A great big “Thank You” also goes out to Frauke of CrocoDesigns, the woman responsible for the look of the new site and a consummate professional in every way.

And thank you so much, dear blog readers, for your patience. I will try to better at blogging when all the craziness calms down a little.

Here’s a little guest-blogging I did at the Valenduckie event at The Good, the Bad, and The Unread, in case you are desperately looking for something to read. 🙂

Until next time.

Updated to add: My Library Journal interview is online and that is everything you’ll ever need to know about me. 😀

Death by Tax Returns

No, not my own, those at work.

I’ve been doing lots of them. Lots. On Monday I worked 14 hours. On Valentine’s day I worked 10 hours, and that’s only because in the afternoon I took a 2 hour break to work on my website, otherwise another 12 hour day.

So the Pay-it-forward contest will have to postpone a little. Sorry. ::hangs head in shame::

My contract expires on February 28. (I’m a seasonal worker. Saying that makes me feel a bit like migrant farm labor but that’s what I am.) I suspect at the beginning of March I will still be flat out racing to finish my line-edits and all sorts of promotional stuff for PRIVATE ARRANGEMENTS.

So the new date for the pay-it-forward contest will be March 15. And I’ve decided not to promote it elsewhere. It will be just for readers of this blog. The contest closes on March 25. I will wake up that day ready to pay it forward. 🙂

Christmas De-hiatus

I think I’m in love.

Yesterday, I made my usual visits to the gossip blogs and came across this.

“Douchebag.”
“What a douchebag.”
It feels good to say, “douchebag.” It’s got two different plosive sounds, the “D” and “B”, and nicely wedged between is a wonderful “sh” sound (technically known as a voiceless palato-alveolar sibilant, at the risk of coming off douchey) that, when preceded with “oooooh”, give your lips the sensation of sliding on a hardwood floor in a pair of woolen socks.

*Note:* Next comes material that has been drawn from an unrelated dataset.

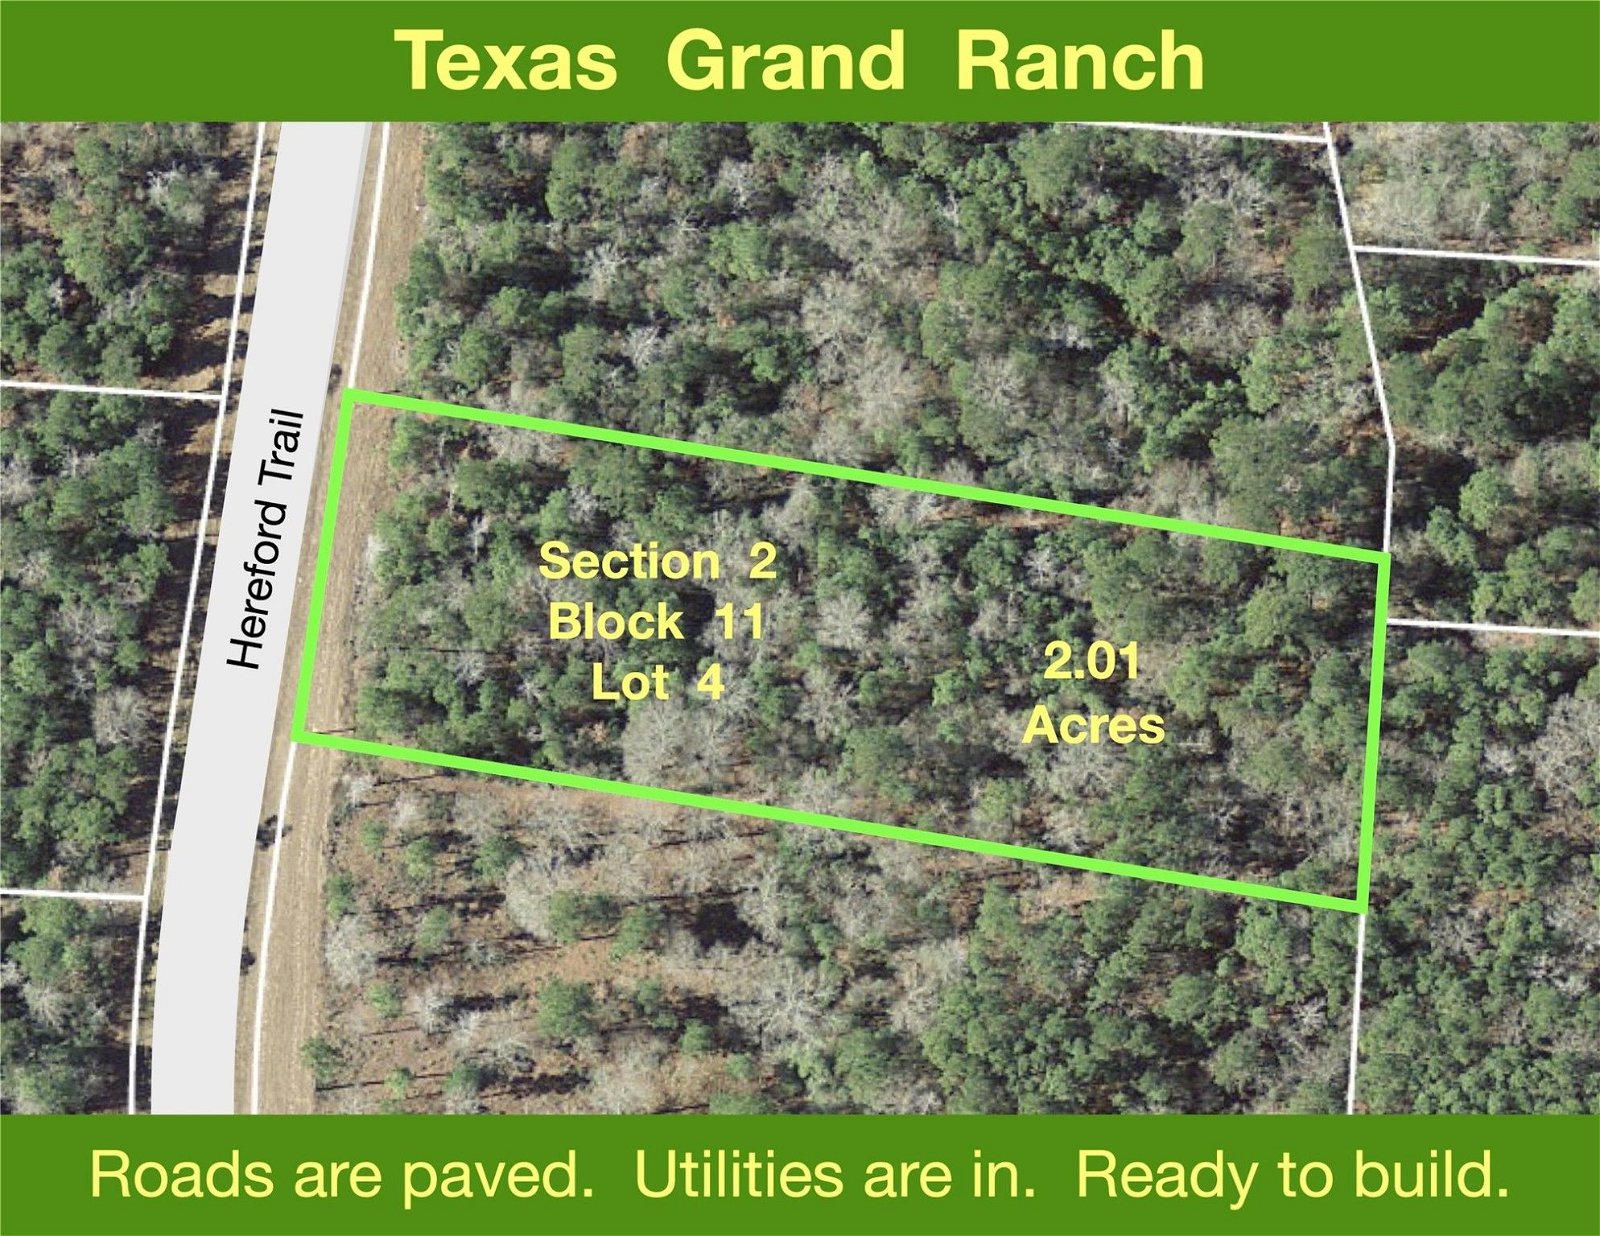 Real estate property located at 2-11-4 Hereford, Walker, I Texas Grand Ranch, Huntsville, TX, US

It was someone quoting John Mayer, on his dissection of that ever-useful, ever-in-vogue term after he learned by googling himself that he is considered a douchebag by many. I didn’t know anything about John Mayer, other than he dated Jessica Simpson for a while and he’s a weird-looking musician of some sort–the tragedy of our times is that all too easy a man becomes better known for whom he bangs than what he does–but after I read a hundred words of his writing my interest spiked higher than the price of milk.

I read the paragraph again, aloud, lolling like a pig in mud in the texture and weight and sound of his words, and shivered as I recited “the sensation of sliding on a hardwood floor in a pair of woolen socks.” And then I immediately went to read as much of his blog as I had time for.

I still haven’t tried his music, but what a gorgeous writing voice the man has.

If you are bored, or suffer from blog-itis as I do, here are links to a bunch of blog entries I have up at various places around romancelandia.

Old Dudes I’d b–date, I mean.

Turn of the Century means people bathed.

Please don’t read this if your name is Anne Stuart. (Ha, like Anne Stuart cares. But I’m still scared of her.)

I hate heart-warming unless it has Hayden Christensen in the shower.

In other news–though I could be eating those words in two weeks–I think DELICIOUS will turn out to be a superior book to PRIVATE ARRANGEMENTS. Now everybody pray hard that I’m right.

A safe and fun New Year’s Eve to everyone. And a happy and healthy 2008 to all. Should be an interest year for me.